Thursday, September 8, 2011

City of Ships

Title:               City of Ships
Category:       Fantasy
Grade:            6-10
Author:          Mary Hoffman
Publisher:       Bloomsbury
:              New York
Date:               2010
Pages:             348

Hoffman returns to her alternative world of Talia in this fifth installment of the Stravaganza series.  Isabel is the new unhappy teen, chosen to bear the talisman and travel nightly between her world and the city of Classe, a city paralleling ancient Ravenna.  Desperate to outshine her twin brother at something, Isabel stumbles into a new plot by the di Chimici family to elist the aid of the savage Gate people and attack both Classe and the port city of Bellezza.  As preparing for the coming battle fills her nights, Isabel begins spending her days with the former Stravaganti, all still students at her school.  When the father of stravagation, William Dethridge, discovers a way to allow a Stravaganti’s talisman to take him or her to any city and not just one, the Stravaganti begin to return to Talia with Isabel to aid in the fight against the di Chimici.  In the end, however, it is Isabel who must call upon both her new-learned skills and the bravery she did not know she had to turn the tide of battle and rescue her brother, who has unwittingly followed her into Talia.

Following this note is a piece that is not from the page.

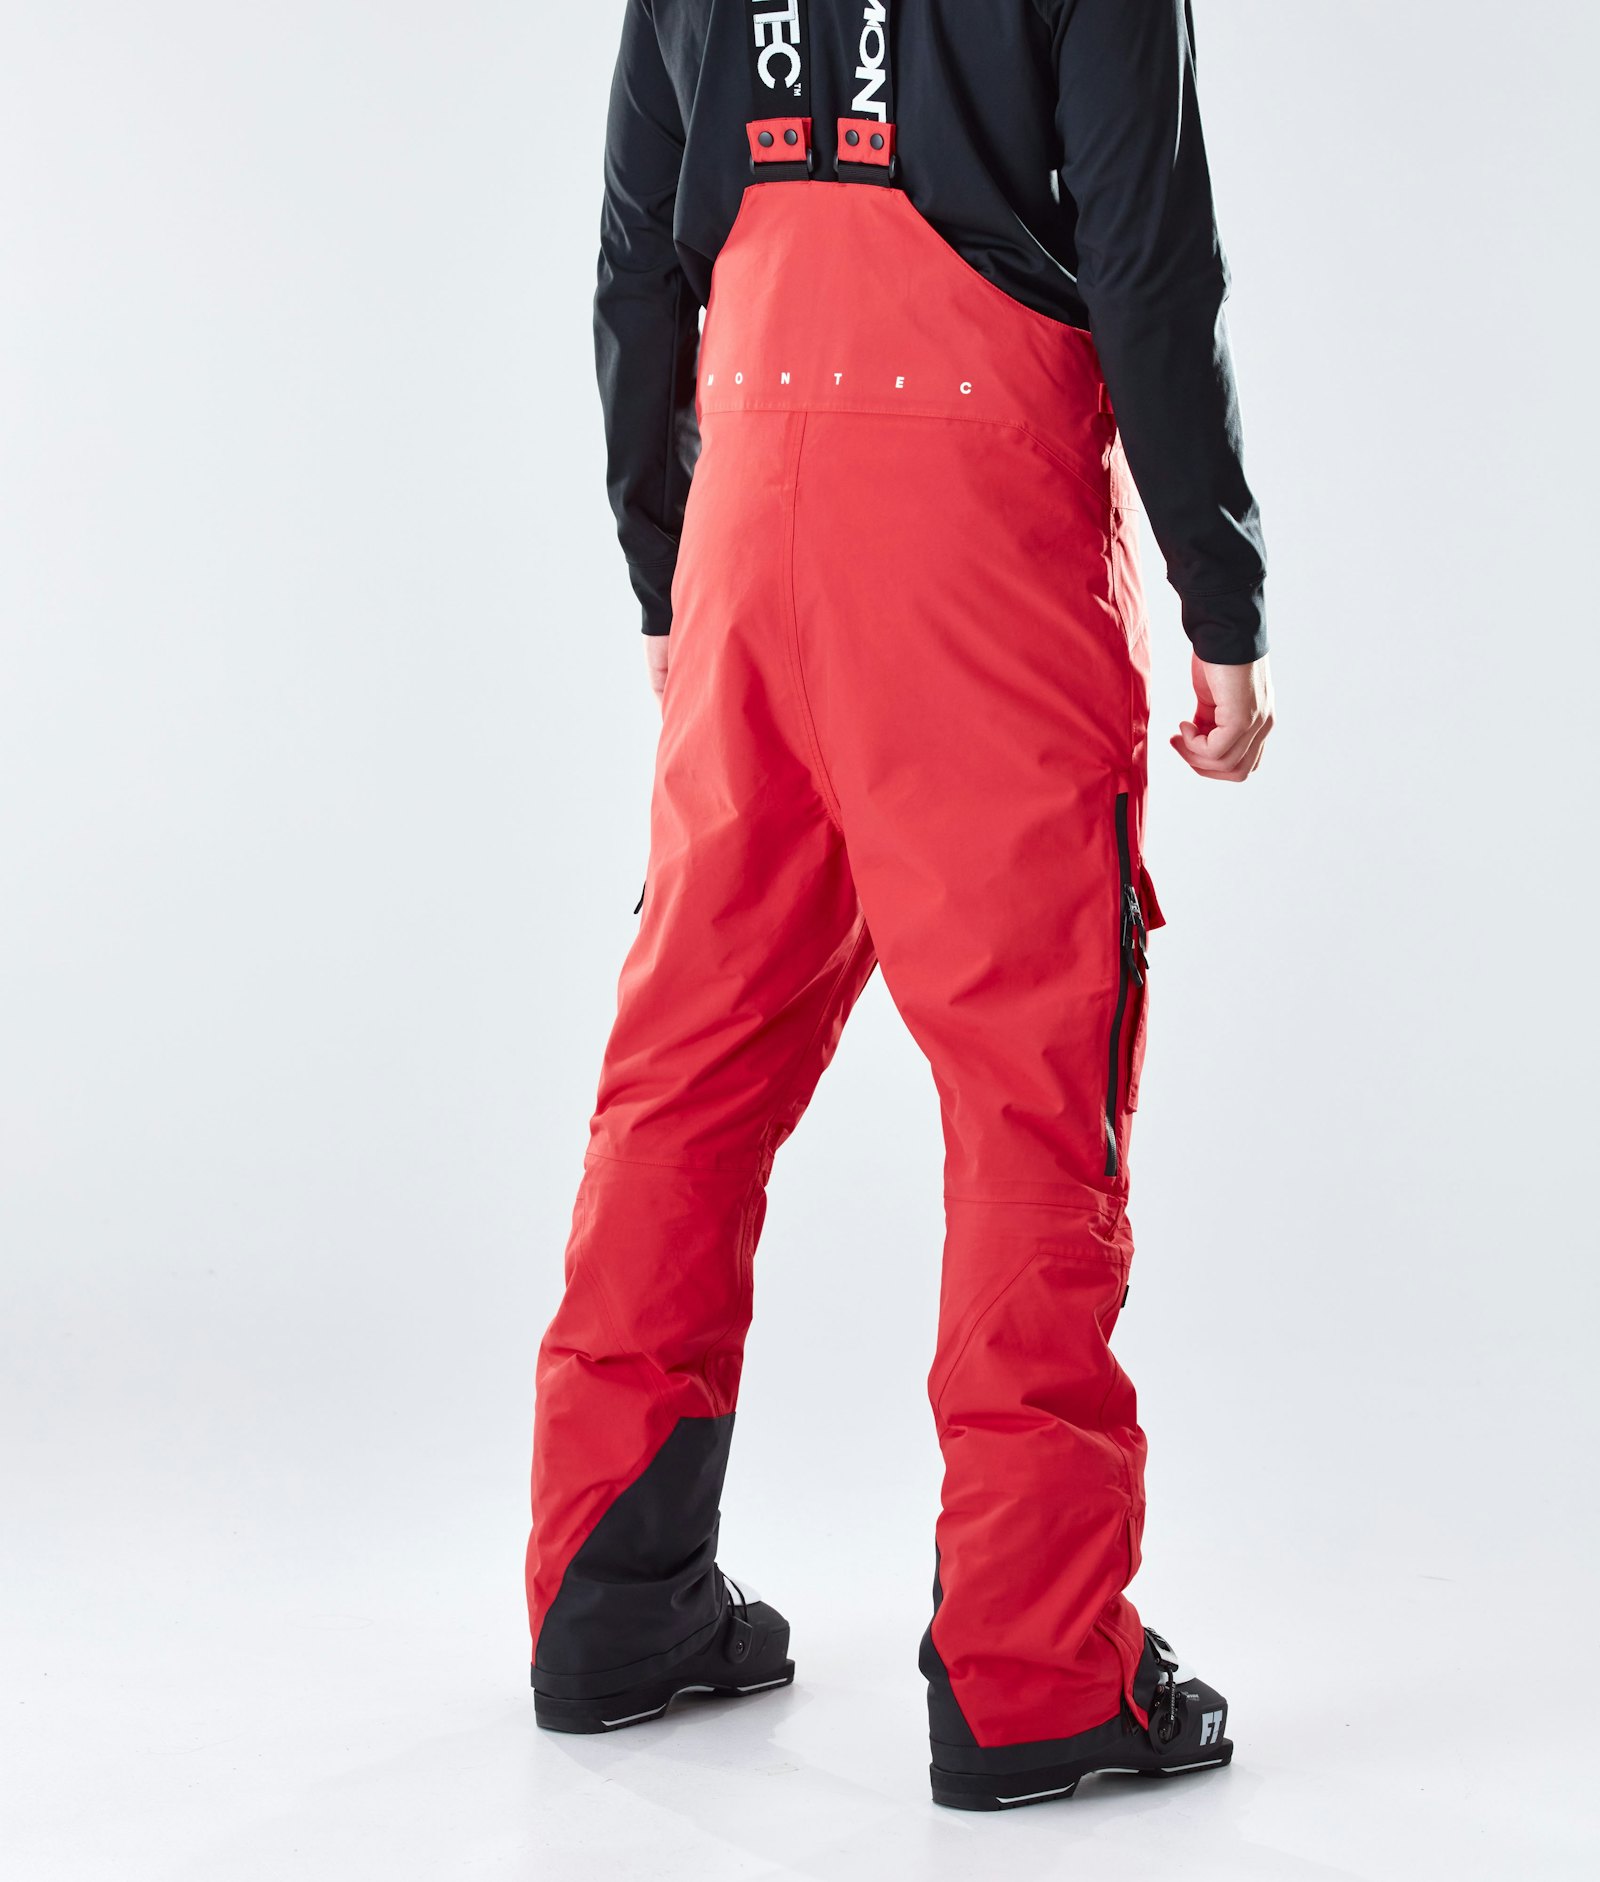 Fawk 2020 Ski Pants Men Red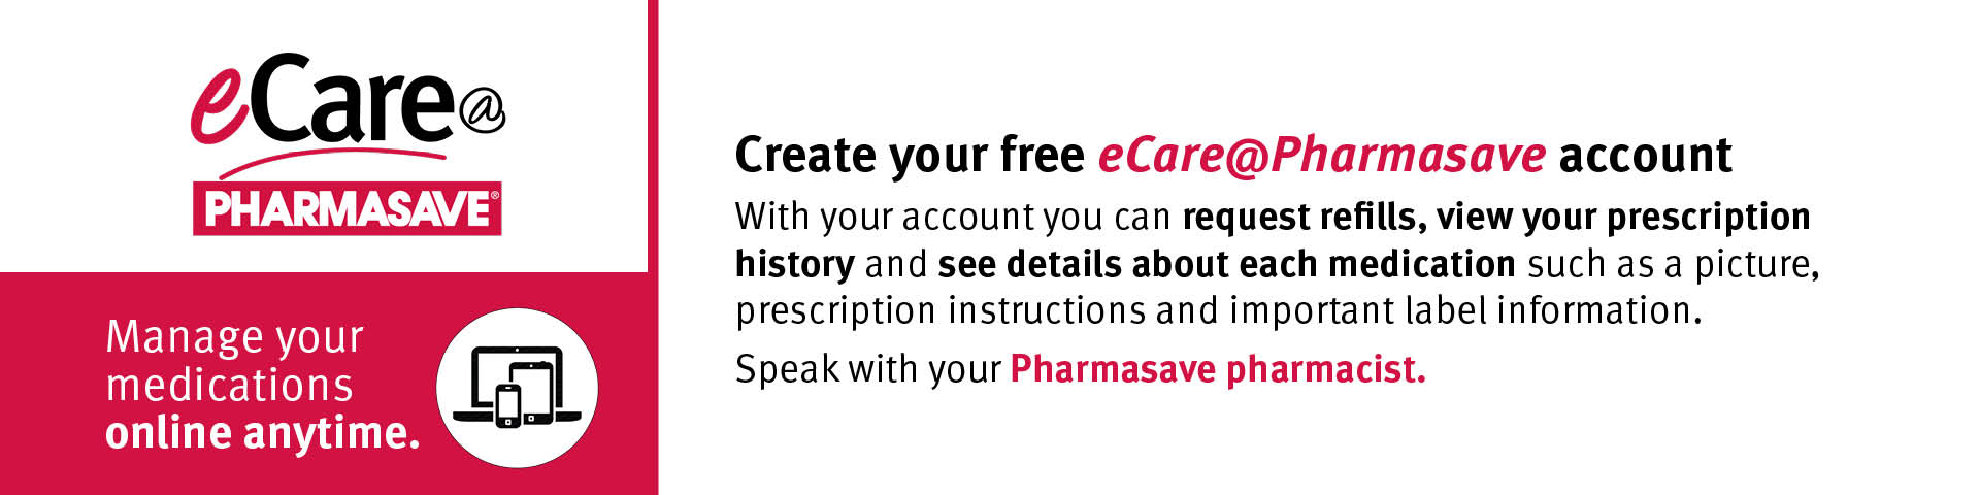 pharmasave eCare prescriptions

The Stravaganza series has long been a favorite, and this book does not disappoint.  Though a danger in open-ended series is frequently the author’s eventual lack of a truly good story to tell, Hoffman continues to skirt this pitfall as of now.  Fans of the series will enjoy meeting the new Stravagante and will especially like revisiting their favorite protagonists and cities of the past as Isabel travels to the settings of all the prior stories.  However, new readers should still be able to follow the story with a minimum of difficulty.  City of Ships contains the same fast-paced action and robust adventure we have come to expect from this series.  However, after five books, this series would strongly benefit from a wrap-up installment and a clear ending.  Though Ships was still a very nice story, it is beginning to show the signs of a series losing its direction.  The removal of the restriction on traveling to one city, the return of all the Stravaganti, and truthfully, the lack of a truly critical role for Isabel in the final conflict render this novel weaker than its initial counterparts, although still enjoyable.  While I would recommend this story to fans of the series, it would benefit as a whole from being closed definitively (and triumphantly, we hope) in a final book.